Did they go with the square bore/stroke ratio?


----------



## Jim Frye (Mar 16, 2011)

*More On The Cruze 2014 Chevy Cruze Clean Turbo Diesel*

I'm not saying good or bad, just new information. 

2014 Chevy Cruze Diesel Has Fiat Roots | GM Authority


----------



## 70AARCUDA (Nov 14, 2010)

Jim Frye said:


> I'm not saying good or bad, just new *information*.
> 
> 2014 Chevy Cruze Diesel Has Fiat Roots | GM Authority


Translation: the "new" 2.0LT diesel in the Cruze is definitely *NOT* the same as the _current_ *european* and *Aussie* 2.0LT diesel engines.


----------



## Jim Frye (Mar 16, 2011)

70AARCUDA said:


> Translation: the "new" 2.0LT diesel in the Cruze is definitely *NOT* the same as the _current_ *european* and *Aussie* 2.0LT diesel engines.


Waana guess howmany million miles of testing was done?


----------



## Aussie (Sep 16, 2012)

70AARCUDA said:


> ...from the GM website: 2014 Chevrolet Cruze Clean Turbo Diesel Preliminary Specifications
> 
> ...curb weight: 3,475 lbs.


Why is it 80lbs heavier than the Aussie CDX Cruze auto Diesel? Has to be more than the urea tank as part of this difference is taken by the Aussie having a real spare tyre.


----------



## Jim Frye (Mar 16, 2011)

Aussie said:


> Why is it 80lbs heavier than the Aussie CDX Cruze auto Diesel? Has to be more than the urea tank as part of this difference is taken by the Aussie having a real spare tyre.


Does anyone know if there are any structural changes for 2014 to meet the new 25% offset frontal crash test that has been implemented?
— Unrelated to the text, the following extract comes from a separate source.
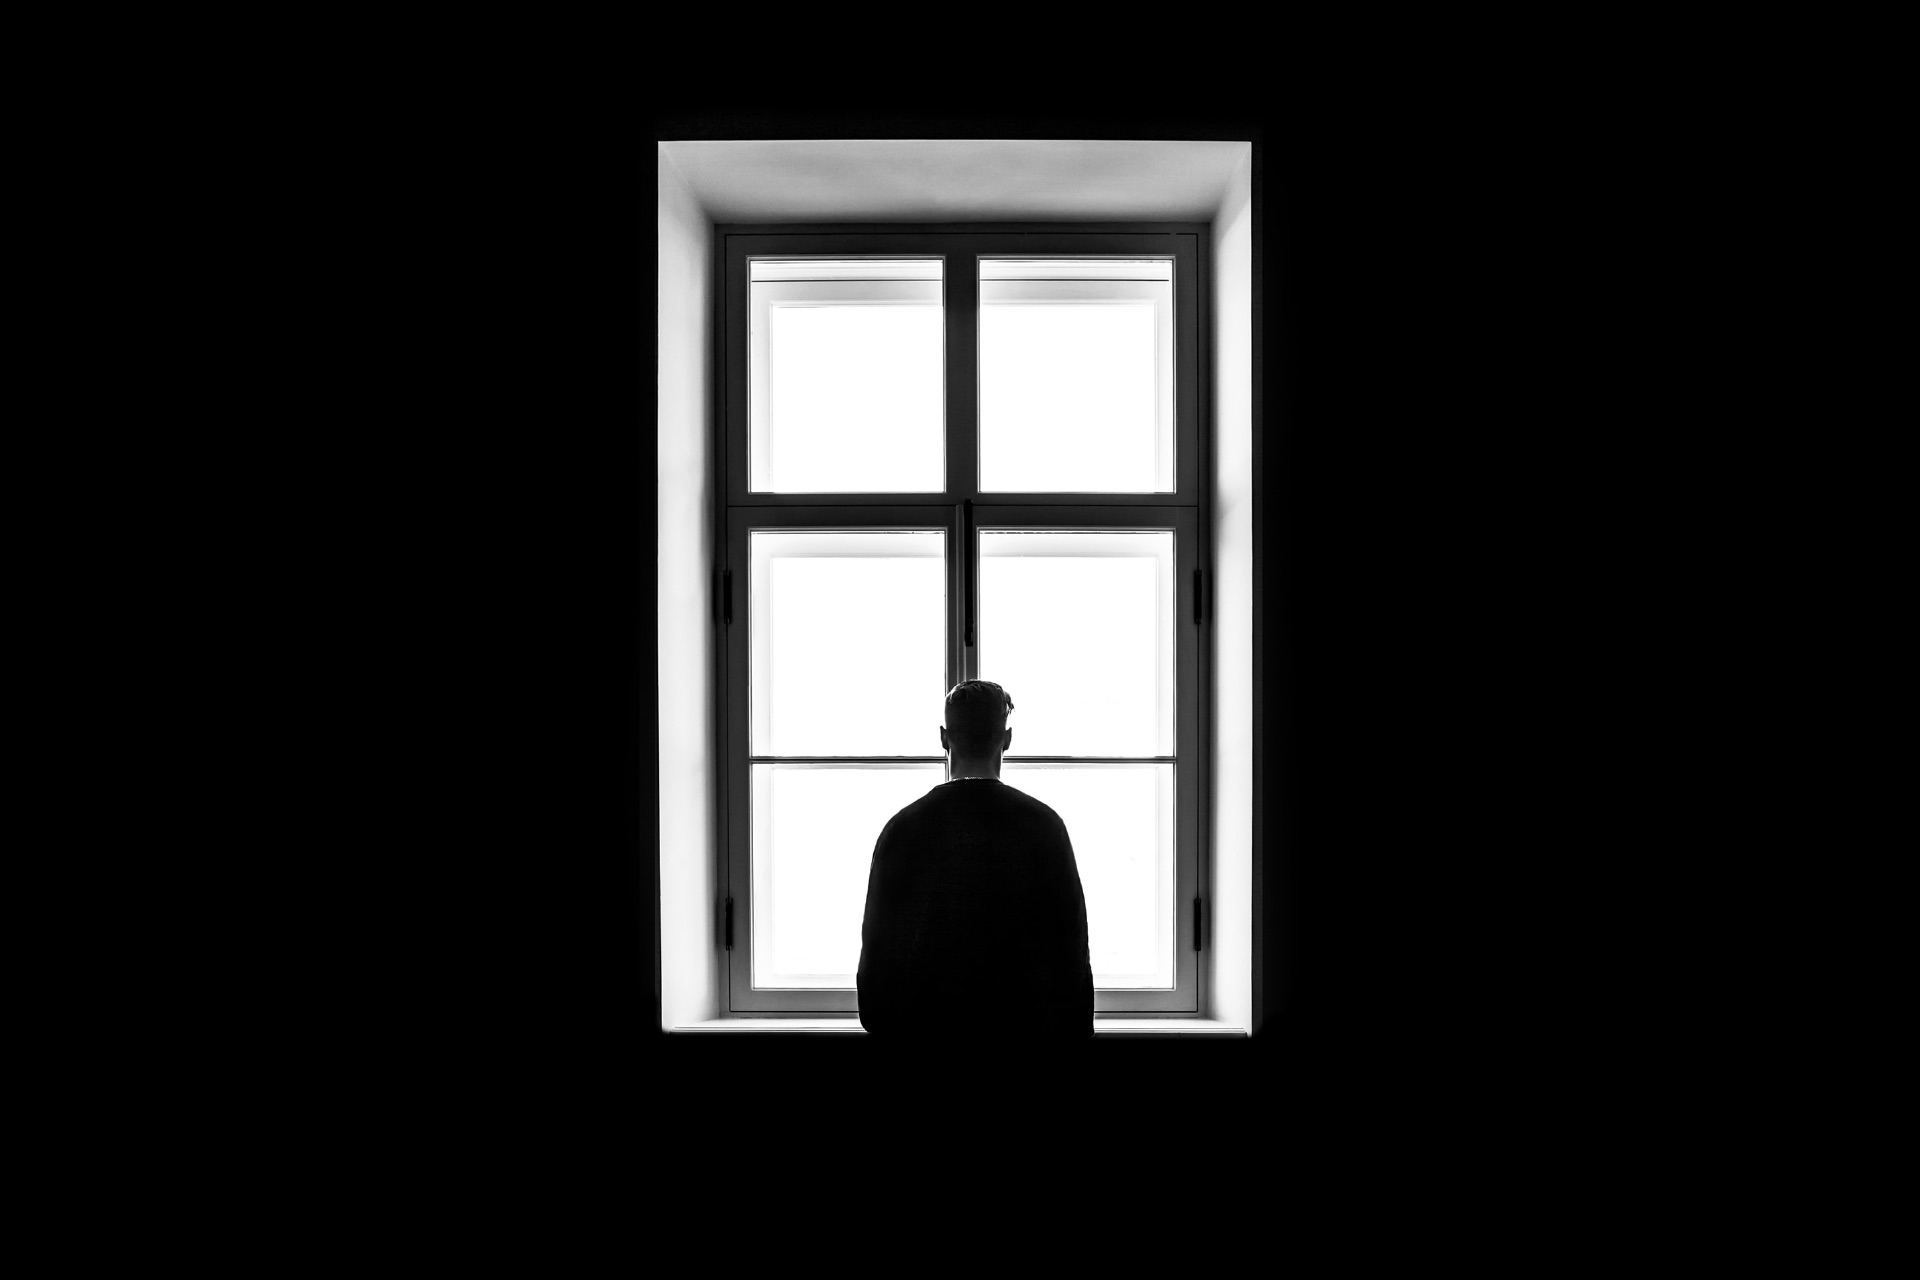 GROW - Somberheid / Depressie (2)

That would add some poundage.


----------



## 70AARCUDA (Nov 14, 2010)

Jim Frye said:


> Waana guess howmany million miles of testing was done?


Although I personally *know* GM did desert testing at their "shared" automotive testing facility at the U.S.Army Yuma Proving Ground, Yuma, AZ...my tongue-in-cheek answer is _"...somewhere between ZERO and NONE..."

_But, we have give GM a _little_ credit, becausewe can't forget those Edmunds articles where they spied a Cruze Diesel being test-driven between LA and Las Vegas and Phoenix, pulling an instrumented "trailer."


----------



## kts350 (Jan 9, 2013)

70AARCUDA said:


> Translation: the "new" 2.0LT diesel in the Cruze is definitely *NOT* the same as the _current_ *european* and *Aussie* 2.0LT diesel engines.


Yes and No the diesel engine the Aussie Cruze uses is the GM family Z engine made in Korea, the U.S. Cruzes the Family B engine same one used by Opel and the same engine used in the Malibu.


----------



## 70AARCUDA (Nov 14, 2010)

...it's a FIAT-designed engine, not the Opel-designed engine:



70AARCUDA said:


> ...in europe, GM-Opel has two 1.6LT engines, one is gasoline and other is diesel, they're totally different assemblies however.
> 
> ...also, FWIW, the 2.0LT diesel we'll be getting was _designed_ by FIAT (JTD-series) but will be _manufactured_ by Opel (GM Family-B), it is NOT related to the Daewoo-derived 2.0LT diesel engine that GM-europe has been using for years.


----------



## Suns_PSD (Feb 16, 2013)

Man for a car that was supposed to be available at dealers in April, sure seems GM is cutting it awfully close as it's 4/16 and you can't even order the car.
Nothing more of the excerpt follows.